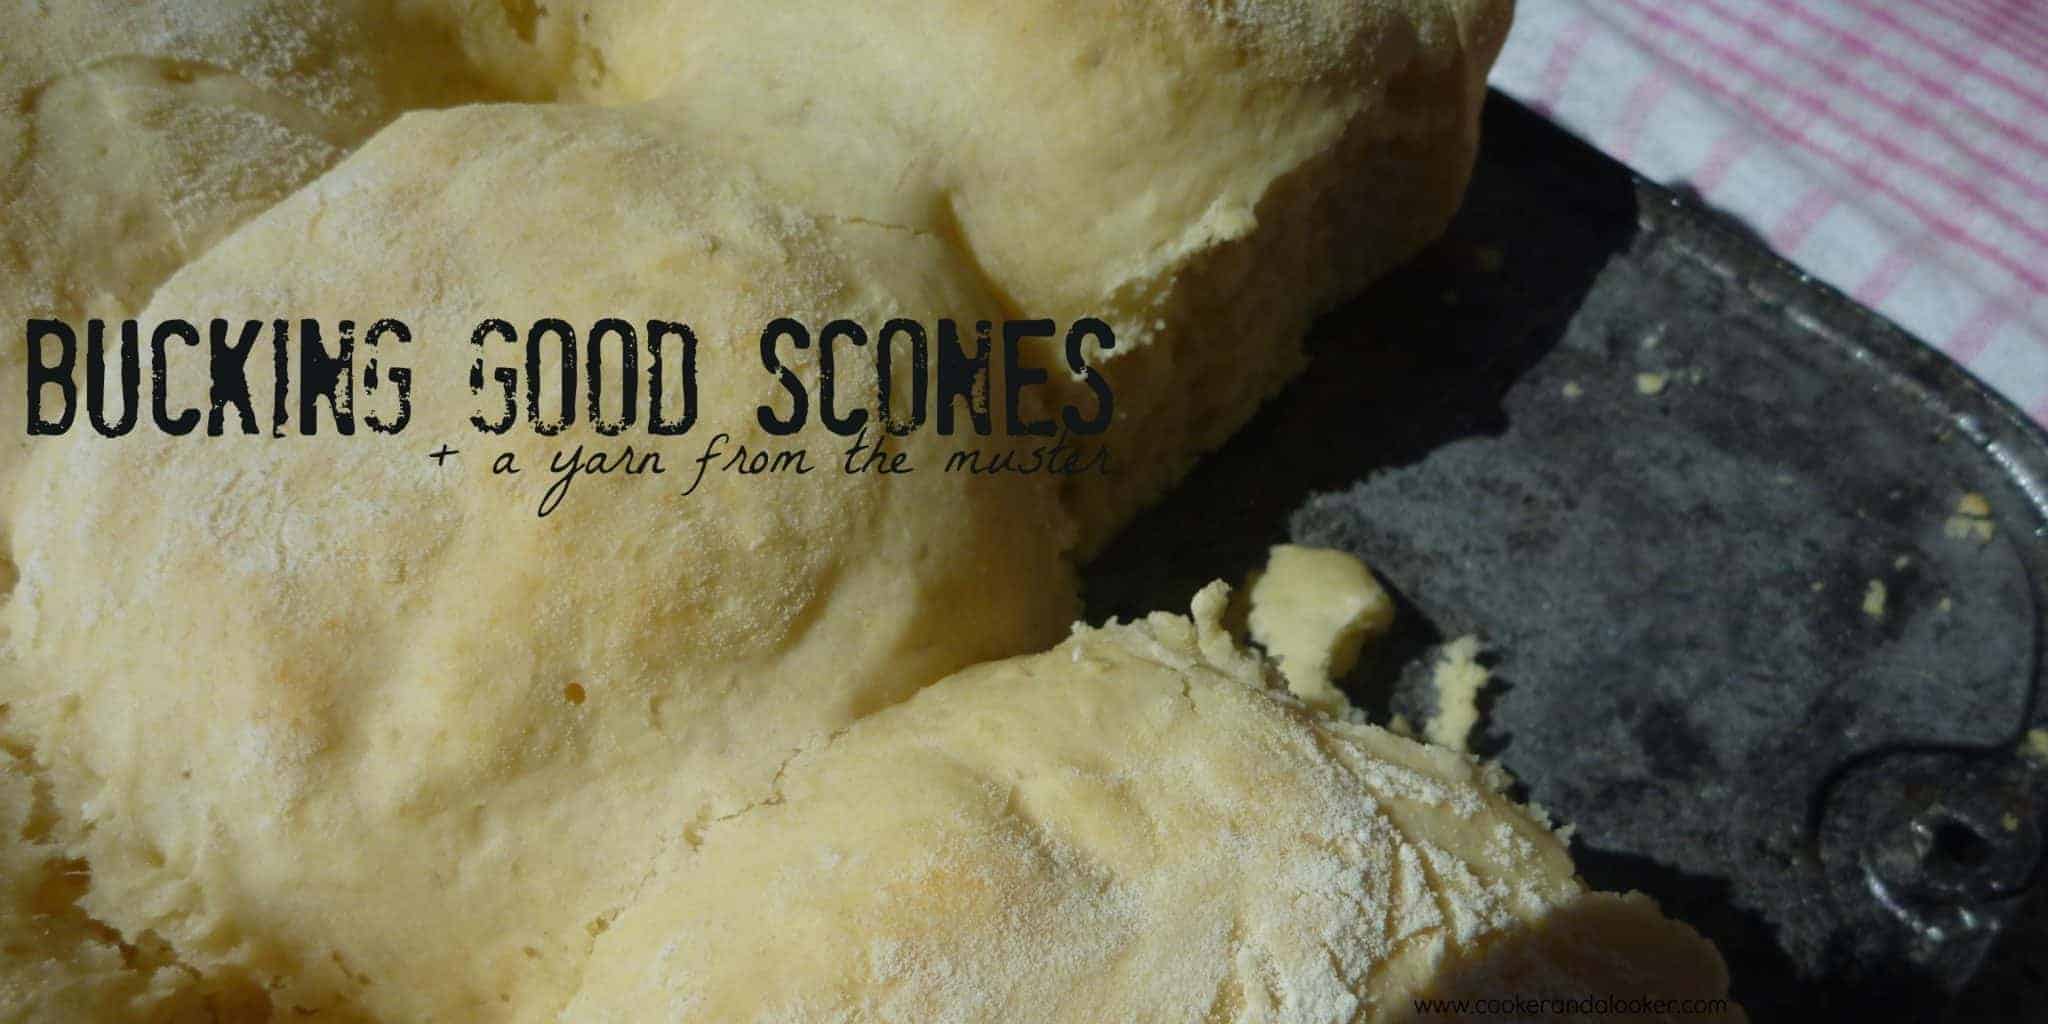 bucking good scones - Cooker and a Looker
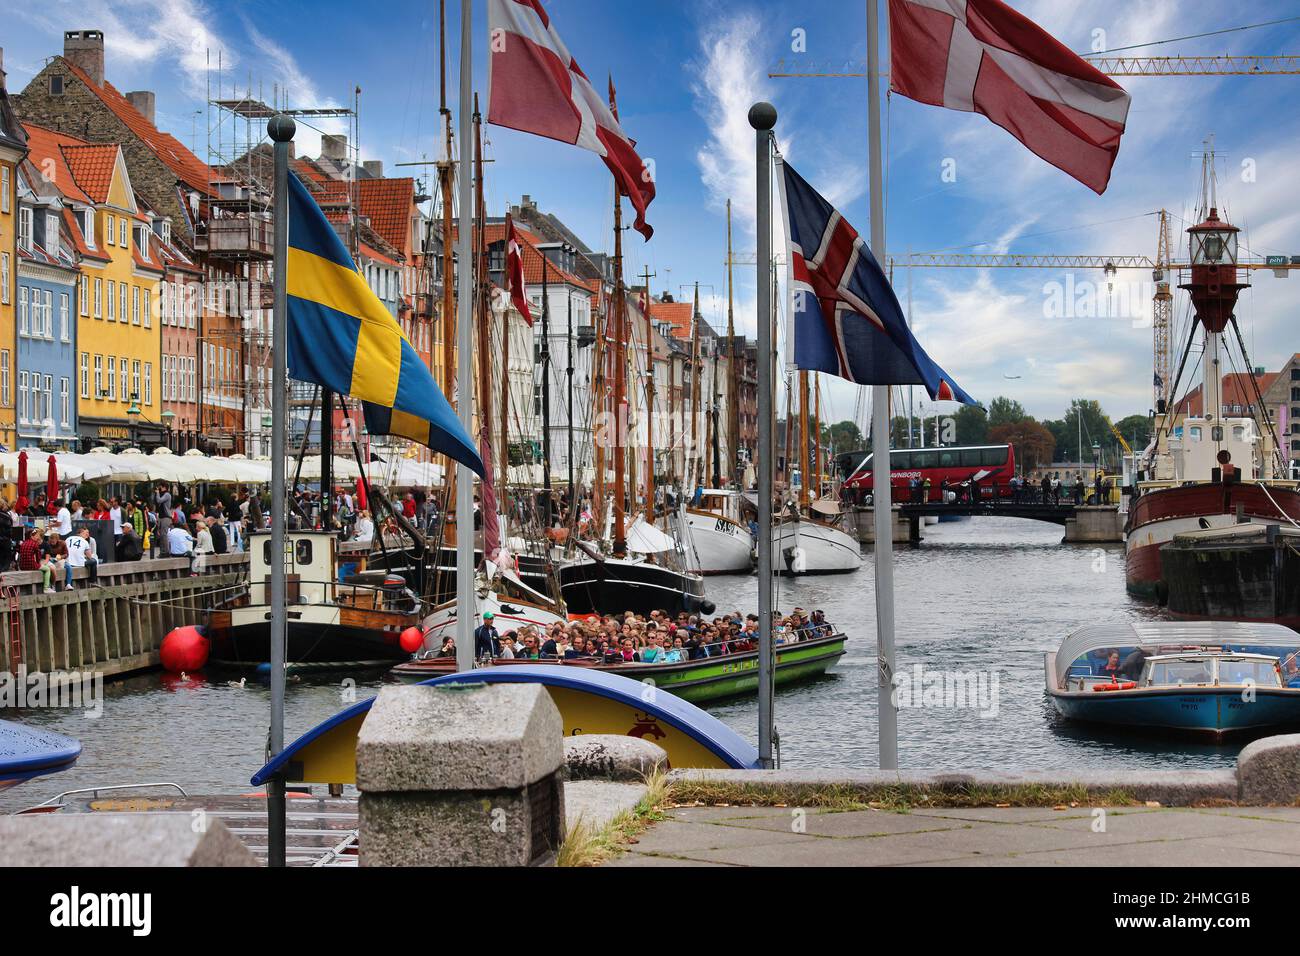 Copenhagen (Nyhavn district) in a sunny summer day Stock Photo
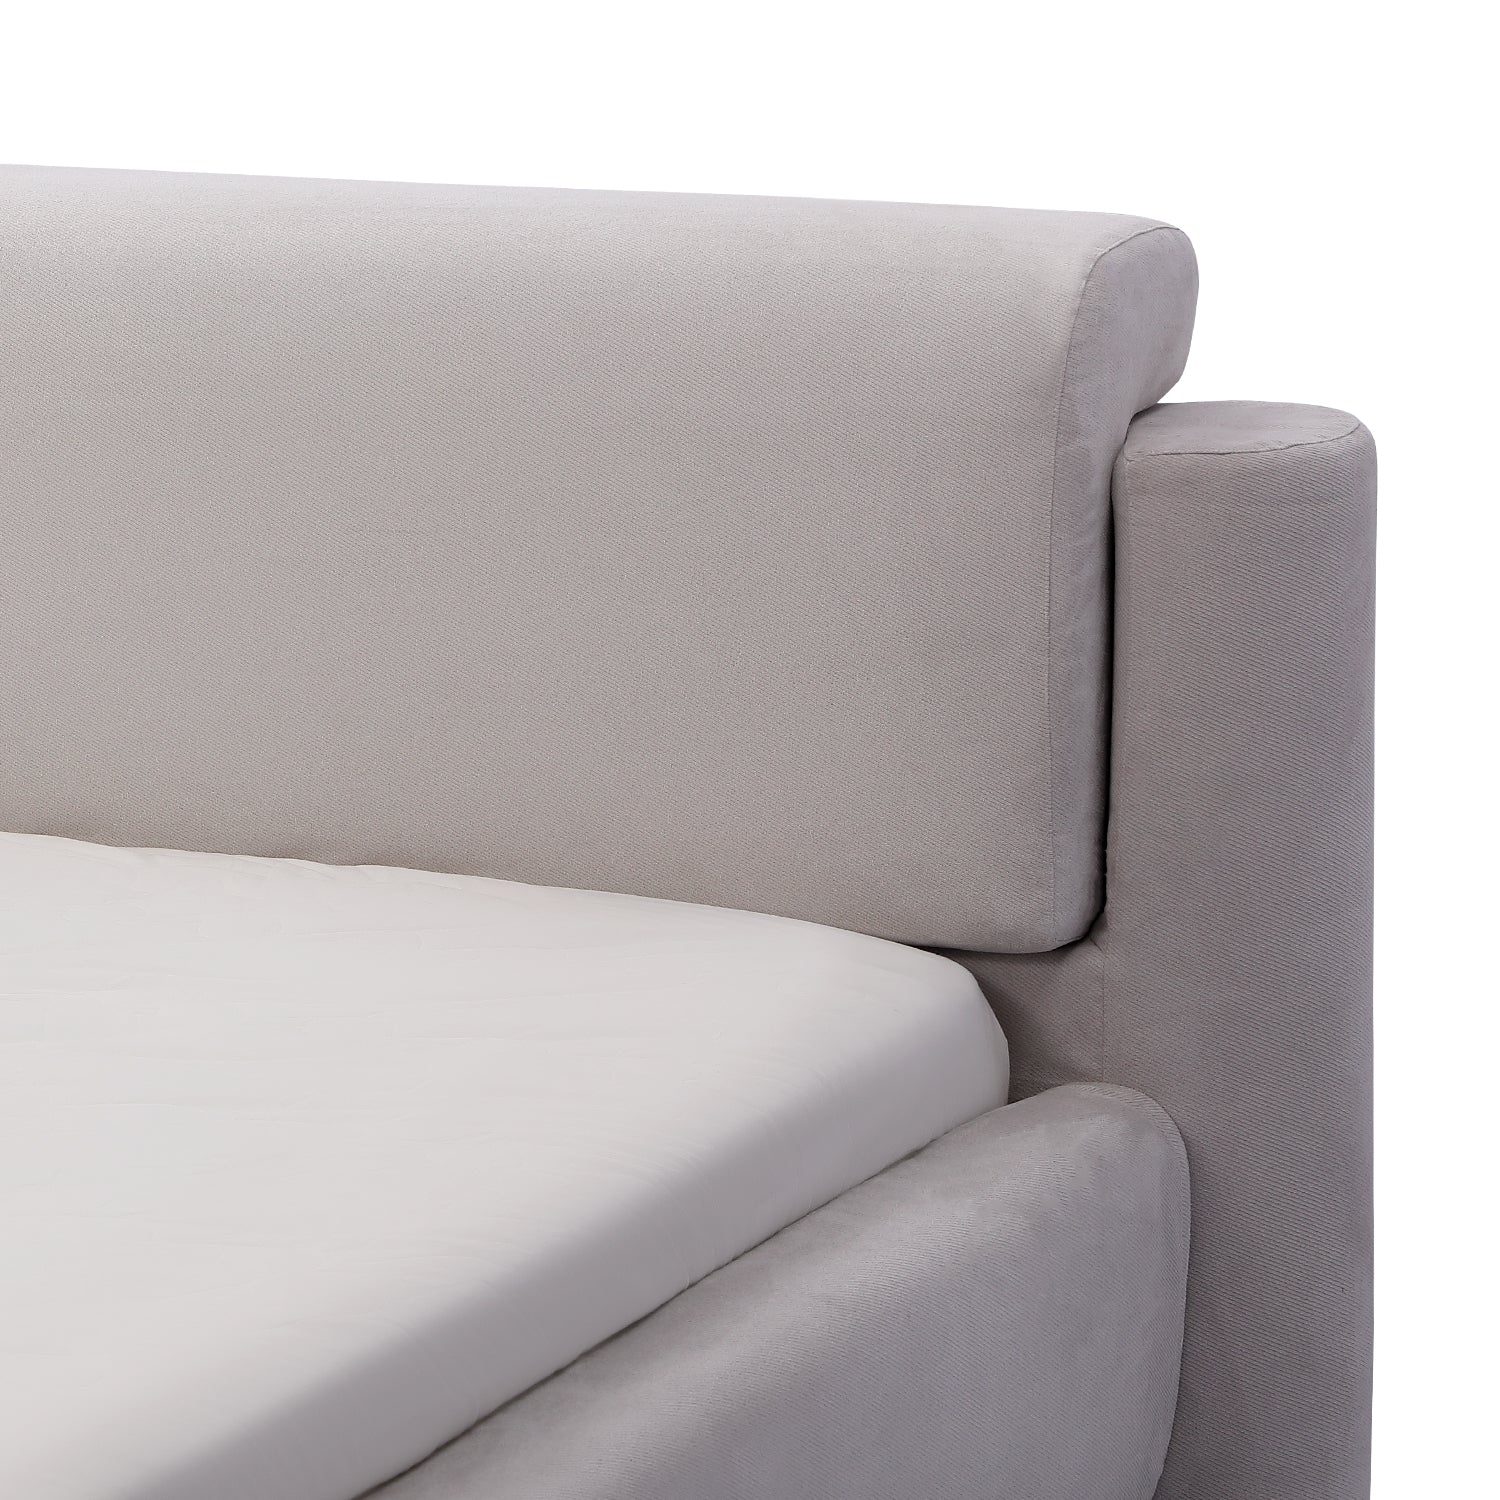 Close-up of DeRUCCI Bed Frame BZZ4 - 082 with grey fabric upholstery and modern minimalist design elements.

════

Give the listing above again in its entirety and exactly; do not include the pictures.

 bucking good scones - Cooker and a Looker
 Copenhagen (Nyhavn district) in a sunny summer day Stock Photo
 Close-up of DeRUCCI Bed Frame BZZ4 - 082 with grey fabric upholstery and modern minimalist design elements.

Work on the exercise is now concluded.